Drugs that reduce parasympathetic activity (parasympatholytics): anticholinergics, tranquilizers, antidepressants.

Obviously, people cannot control their several risk factors that contribute to autonomic neuropathy (ie, inherited causes of VN). Diabetes is by far the largest contributing factor to VL. and places people with the disease at high risk for VL. Diabetics can reduce their risk of developing LN by closely monitoring their blood sugar to prevent nerve damage. Smoking, regular alcohol consumption, hypertension, hypercholesterolemia (high blood cholesterol) and obesity may also increase the risk of developing it, so these factors should be controlled as much as possible to reduce the risk.

Treatment of autonomic dysfunction largely depends on the cause of VN. When treating the underlying cause is not possible, doctors will try different treatments to alleviate symptoms:

Skin system - itching (pruritis) can be treated with medication or you can moisturize the skin, dryness can be the main cause of itching; cutaneous hyperalgesia can be treated with medications such as gabapentin, a drug used to treat neuropathy and nerve pain.

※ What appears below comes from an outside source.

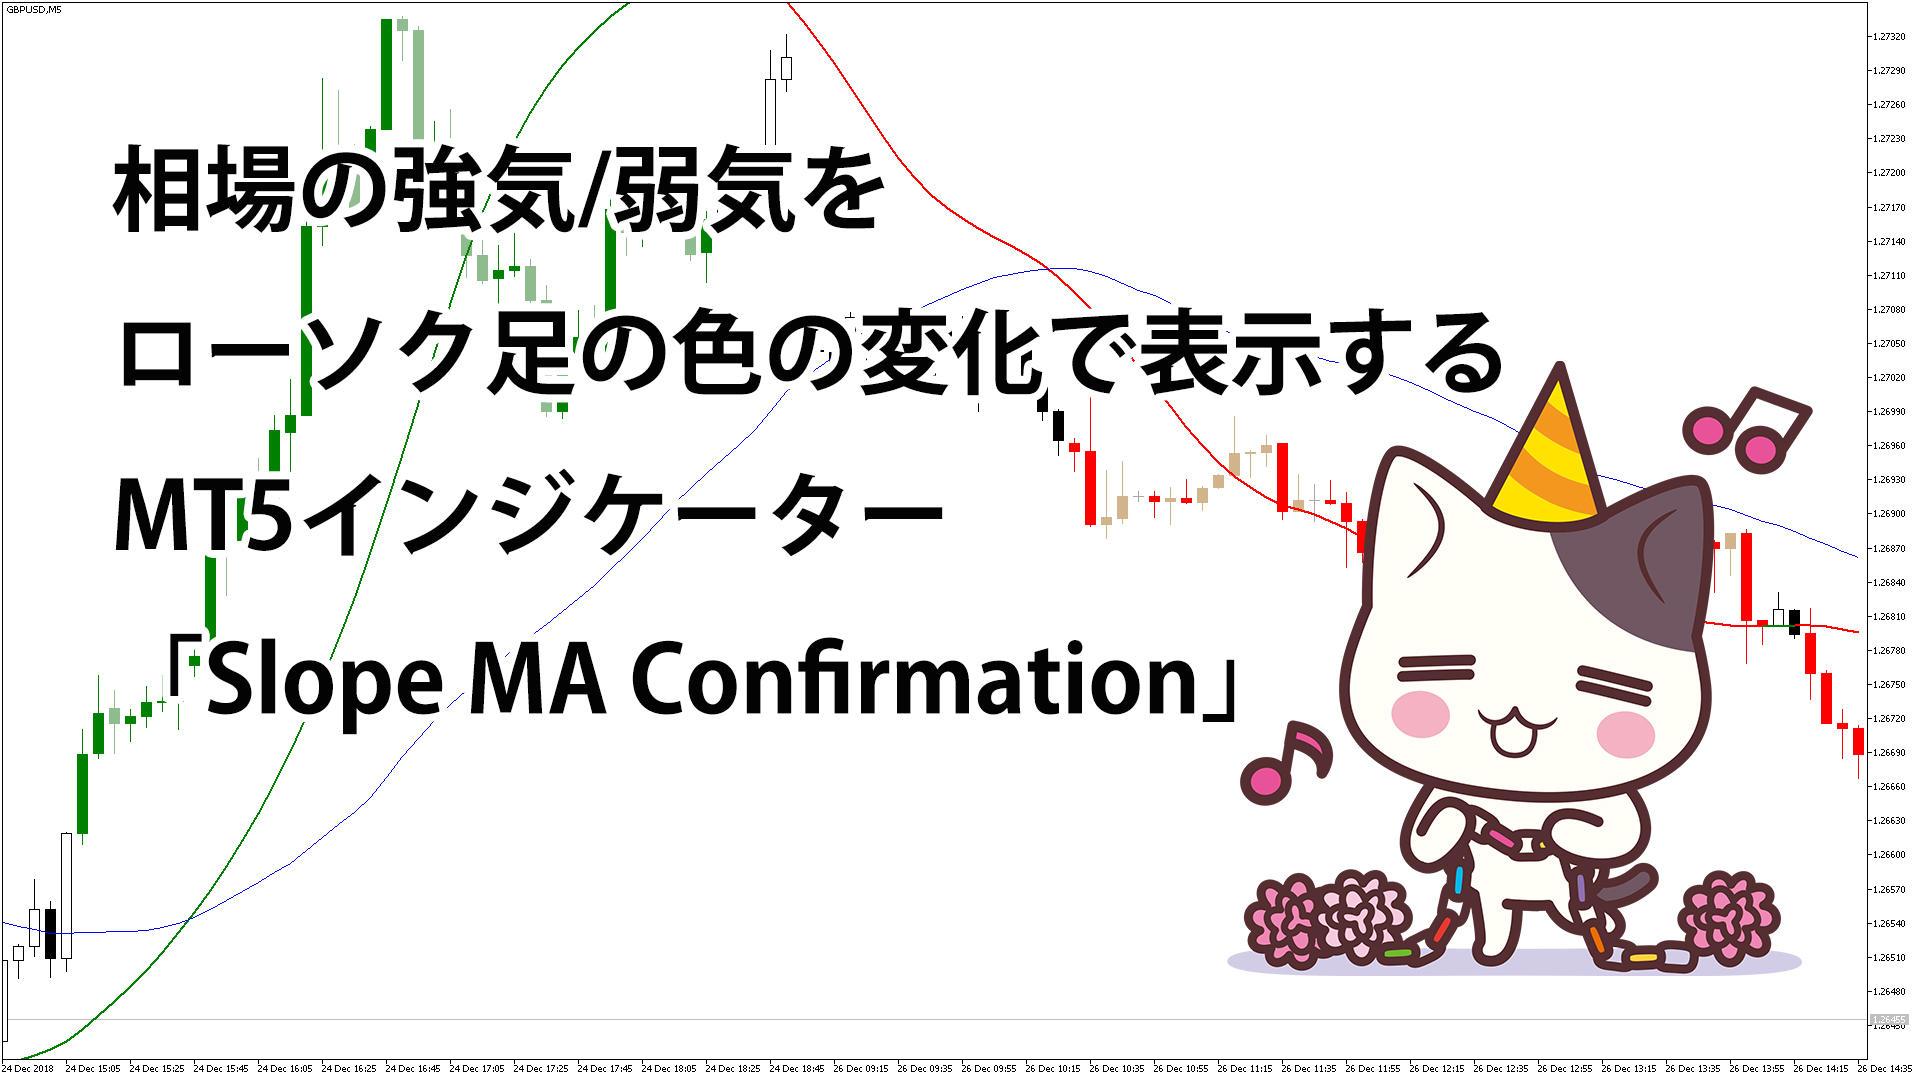 相場の強気/弱気をローソク足の色の変化で表示するMT5インジケーター「Slope MA Confirmation」

Cardiovascular System – Symptoms of orthostatic hypotension can be improved by wearing compression stockings, increasing fluid intake, increasing salt in the diet and medications that regulate blood pressure (ie, fludrocortisone). Tachycardia can be controlled with beta blockers. Patients should be counseled to avoid sudden changes in condition.

Gastrointestinal System – Patients may be advised to eat small, frequent meals if they have gastroparesis. Medications can sometimes be helpful in increasing mobility (ie Reglan). Increasing fiber in the diet can help with constipation. Gut retraining is also sometimes helpful for treating bowel problems. Antidepressants are sometimes helpful for diarrhea. A low-fat, high-fiber diet can improve digestion and constipation. Diabetics should strive to normalize their blood sugar.

Genitourinary system – Bladder system training, medications for overactive bladder, intermittent catheterization (used to completely empty the bladder when incomplete bladder emptying is a problem) and medications to treat erectile dysfunction (ie, Viagra) may be used for the treatment of sexual problems.

Vision issues – Medications are sometimes prescribed to help reduce vision loss.